I have created a repository with all versions of the code I ran. I took the liberty and removed all superfluous seqs, and slightly changed applyLoop, to

applyLoop i v | i == n = v | otherwise = applyLoop (i + 1) $ f i v 

which changes the result if apply is initially called with a zero argument (the new one immediately returns the original argument, while the old looped until i reaches -1 after wrap-around of the counter), but for positive arguments the semantics remain unchanged. For very small positive n, the one extra comparison the new version does might make a measurable difference if f is inlined and trivial, but for nontrivial n or f, the extra comparison is negligible, and the new version avoids code duplication that happens with the old.

That gives

$ ./test3 +RTS -s array (0,1) [(0,0),(1,1)] 560,049,112 bytes allocated in the heap 32,160 bytes copied during GC 42,632 bytes maximum residency (2 sample(s)) 22,904 bytes maximum slop 1 MB total memory in use (0 MB lost due to fragmentation) Tot time (elapsed) Avg pause Max pause Gen 0 1083 colls, 0 par 0.02s 0.02s 0.0000s 0.0001s Gen 1 2 colls, 0 par 0.00s 0.00s 0.0002s 0.0002s INIT time 0.00s ( 0.00s elapsed) MUT time 1.35s ( 1.35s elapsed) GC time 0.02s ( 0.02s elapsed) EXIT time 0.00s ( 0.00s elapsed) Total time 1.37s ( 1.37s elapsed) %GC time 1.3% (1.3% elapsed) Alloc rate 415,944,041 bytes per MUT second Productivity 98.6% of total user, 98.4% of total elapsed 

in contrast to

$ ./test4 +RTS -s (0,1) 47,492 bytes allocated in the heap 1,756 bytes copied during GC 42,632 bytes maximum residency (1 sample(s)) 18,808 bytes maximum slop 1 MB total memory in use (0 MB lost due to fragmentation) Tot time (elapsed) Avg pause Max pause Gen 0 0 colls, 0 par 0.00s 0.00s 0.0000s 0.0000s Gen 1 1 colls, 0 par 0.00s 0.00s 0.0002s 0.0002s INIT time 0.00s ( 0.00s elapsed) MUT time 0.04s ( 0.04s elapsed) GC time 0.00s ( 0.00s elapsed) EXIT time 0.00s ( 0.00s elapsed) Total time 0.04s ( 0.04s elapsed) %GC time 0.5% (0.6% elapsed) Alloc rate 1,182,455 bytes per MUT second Productivity 98.9% of total user, 103.1% of total elapsed 

from test4. The difference is enormous. Well, let's look at the core to find out why, and how we can reduce it.
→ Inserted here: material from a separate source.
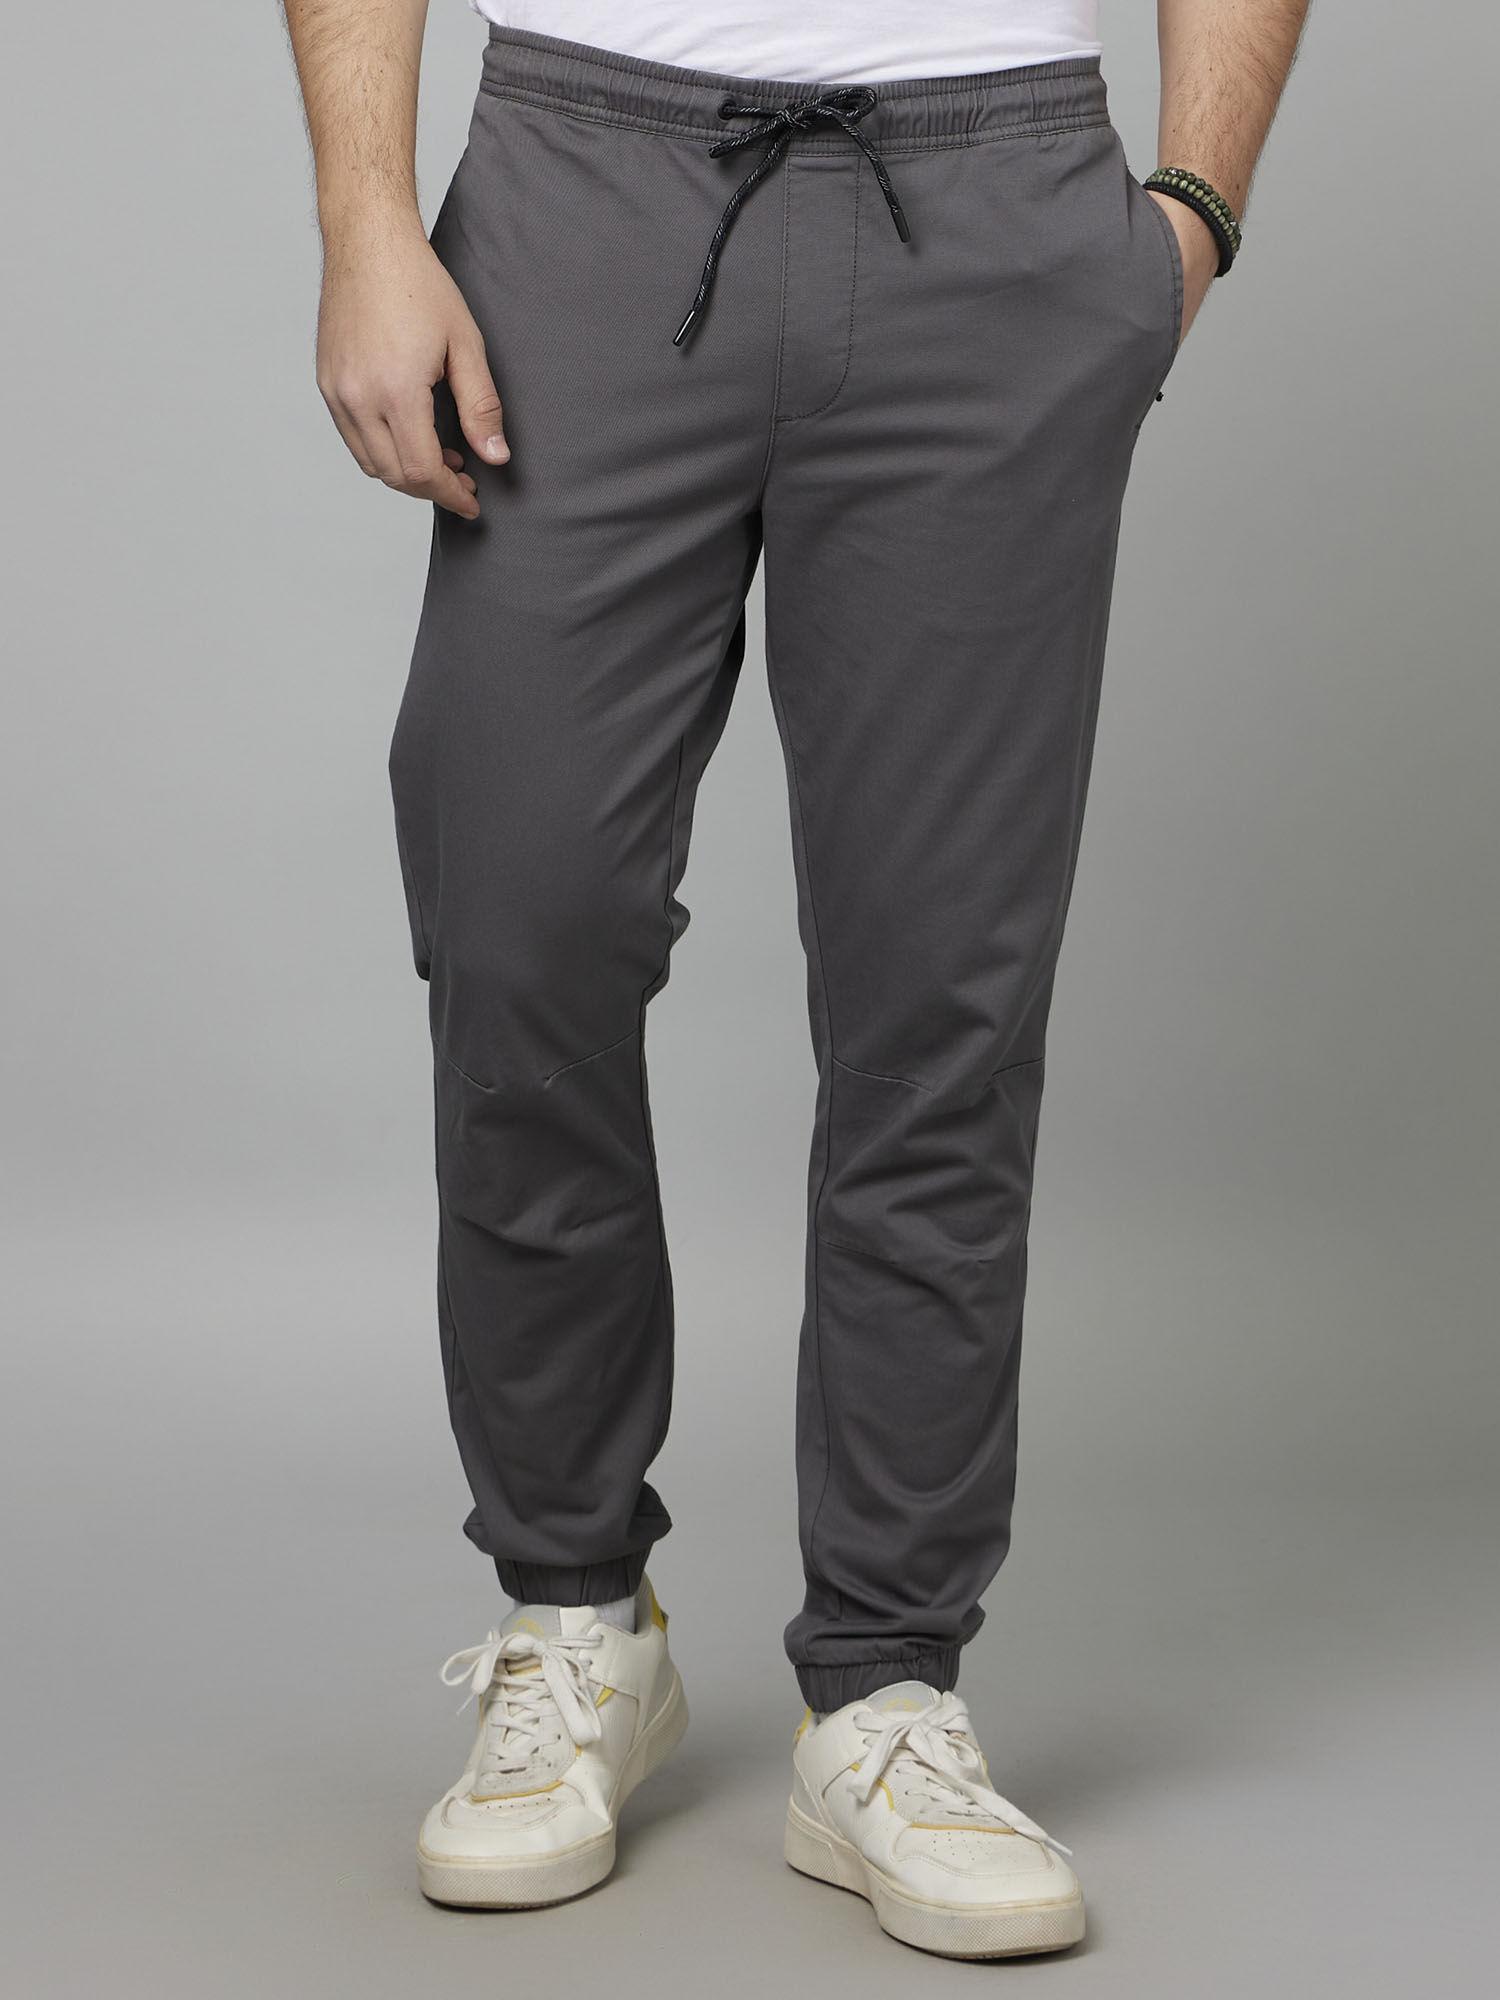 solid charcoal grey cotton joggers

First, the core for using test4:

Rec { Main.main_$s$wapplyLoop [Occ=LoopBreaker] :: GHC.Prim.Int# -> GHC.Prim.Word# -> GHC.Prim.Word# -> (# GHC.Word.Word32, GHC.Word.Word32 #) [GblId, Arity=3, Caf=NoCafRefs, Str=DmdType LLL] Main.main_$s$wapplyLoop = \ (sc :: GHC.Prim.Int#) (sc1 :: GHC.Prim.Word#) (sc2 :: GHC.Prim.Word#) -> case sc of wild { __DEFAULT -> Main.main_$s$wapplyLoop (GHC.Prim.+# wild 1) (GHC.Prim.plusWord# sc2 (__word 1)) (GHC.Prim.minusWord# sc1 (__word 1)); 10000000 -> (# GHC.Word.W32# sc1, GHC.Word.W32# sc2 #) } end Rec } 

You can't beat that without short-cutting. You get a tight loop using only unboxed values in registers, it does no allocation. But note that seqing x and y in test4 is necessary here to aid the strictness analyser. Without it, you get a loop using boxed Word32s building up huge thunks. The seqs that originally were in apply resp. in the function (\_ x -> x `seq` testN x) passed to it make no difference whatsoever.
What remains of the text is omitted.